上面的大部分是关于架构，内存布局和C.所有这些仍然适用于C ++。





C ++ 当函数返回并且它们超出范围时回收堆栈变量。





C ++有许多类来缓解常见函数/惯用法/模板的繁琐。它有 std 标准模板库。它也有 boost 。例如， std :: string 可能会做你想要的。但是，首先将它与我的xstr比较。





但是，我再次提醒你。在您目前的水平上， 的基本工作不是 。




The current_name is a local char array inside the following loop. I declared it inside the loop so it changes every time I read a new line from a file. But, for some reason the previous data is not removed from the current_name! It prints old data out if it wasn't overridden by new characters from the next line.

ANY IDEAS?

  while (isOpen && !file.eof()) {
    char current_line[LINE];
    char current_name[NAME];

    file.getline(current_line, LINE);

    int i = 0;
    while (current_line[i] != ';') {
      current_name[i] = current_line[i];
      i++;
    }

    cout << current_name << endl;
  }

解决方案

You're not terminating current_name after filling it. Add current_name[i] = 0 after the inner loop just before your cout. You're probably seeing this if you read abcdef then read jkl and probably get jkldef for output

---

UPDATE

You wanted to know if there is a better way. There is--and we'll get to it. But, coming from Java, your question and followup identified some larger issues that I believe you should be aware of. Be careful what you wish for--you may actually get it [and more] :-). All of the following is based on love ...

---

Attention All Java Programmers! Welcome to "A Brave New World"!

---

Basic Concepts

Before we even get to C the language, we need to talk about a few concepts first.

Computer Architecture:
https://en.wikipedia.org/wiki/Computer_architecture
https://en.wikipedia.org/wiki/Instruction_set

Memory Layout of Computer Programs:
http://www.geeksforgeeks.org/memory-layout-of-c-program/

Differences between Memory Addresses/Pointers and Java References:
Is Java "pass-by-reference" or "pass-by-value"?
http://programmers.stackexchange.com/questions/141834/how-is-a-java-reference-different-from-a-c-pointer

---

Concepts Alien to Java Programmers

The C language gives you direct access the underlying computer architecture. It will not do anything that you don't explicitly specify. Herein, I'm mentioning C [for brevity] but what I'm really talking about is a combination of the memory layout and the computer architecture.

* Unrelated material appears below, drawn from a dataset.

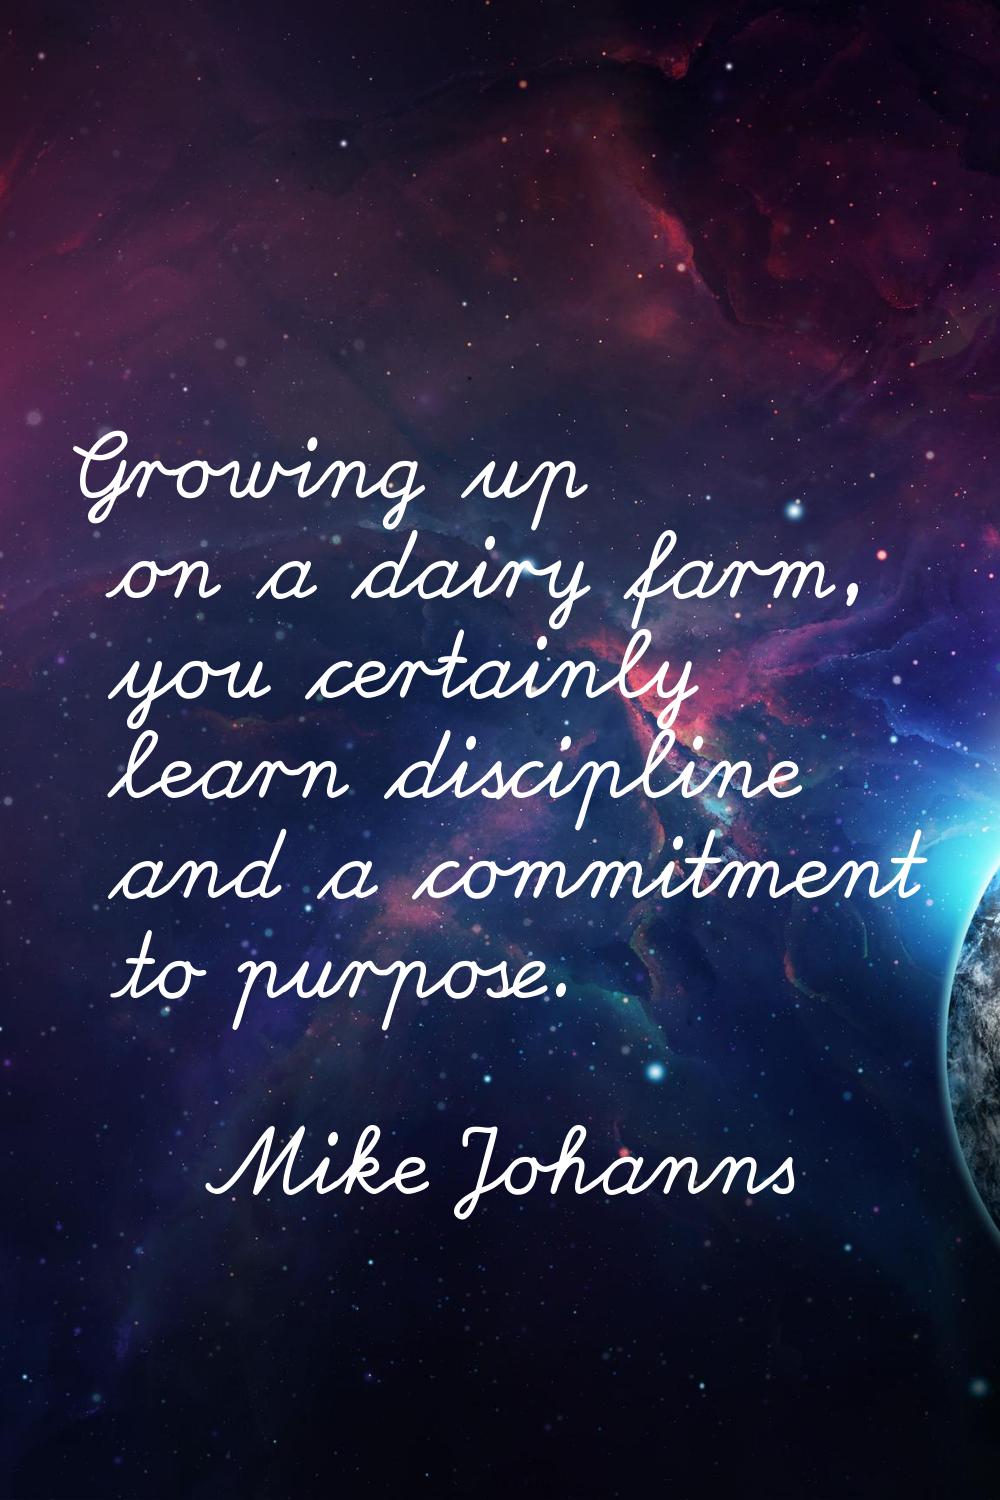 Growing up on a dairy farm, you certainly learn discipline and a commitment to purpose.

• If you read memory that you didn't initialize, you will see seemingly random data.
• If you allocate something from the heap, you must explicitly free it. It doesn't magically get marked for deletion by a garbage collector when it "goes out of scope".
• There is no garbage collector in C
• C pointers are far more powerful that Java references. You can add and subtract values to pointers. You can subtract two pointers and use the difference as an index value. You can loop through an array without using index variables--you just deference a pointer and increment the pointer.
• The data of automatic variables in Java are stored in the heap. Each variable requires a separate heap allocation. This is slow and time consuming.
• In C, the data of automatic variables in stored in the stack frame. The stack frame is a contiguous area of bytes. To allocate space for the stack frame, C simply subtracts the desired size from the stack pointer [hardware register]. The size of the stack frame is the sum of all variables within a given function's scope, regardless of whether they're declared inside a loop inside the function.
• Its initial value depends upon what previous function used that area for and what byte values it stored there. Thus, if main calls function fnca, it will fill the stack with whatever data. If then main calls fncb it will see fnca's values, which are semi-random as far as fncb is concerned. Both fnca and fncb must initialize stack variables before they are used.
• Declaration of a C variable without an initializer clause does not initialize the variable. For the bss area, it will be zero. For a stack variable, you must do that explicitly.
• There is no range checking of array indexes in C [or pointers to arrays or array elements for that matter]. If you write beyond the defined area, you will write into whatever has been mapped/linked into the memory region next. For example, if you have a memory area: int x[10]; int y; and you [inadvertently] write to x[10] [one beyond the end] you will corrupt y
• This is true regardless of which memory section (e.g. data, bss, heap, or stack) your array is in.
• C has no concept of a string. When people talk about a "c string" what they're really talking about is a char array that has an "end of string" (aka EOS) sentinel character at the end of the useful data. The "standard" EOS char is almost universally defined as 0x00 [since ~1970]
• The only intrinsic types supported by an architecture are: char, short, int, long/pointer, long long, and float/double. There may be some others on a given arch, but that's the usual list. Everything else (e.g. a class or struct is "built up" by the compiler as a convenience to the programmer from the arch intrinsic types)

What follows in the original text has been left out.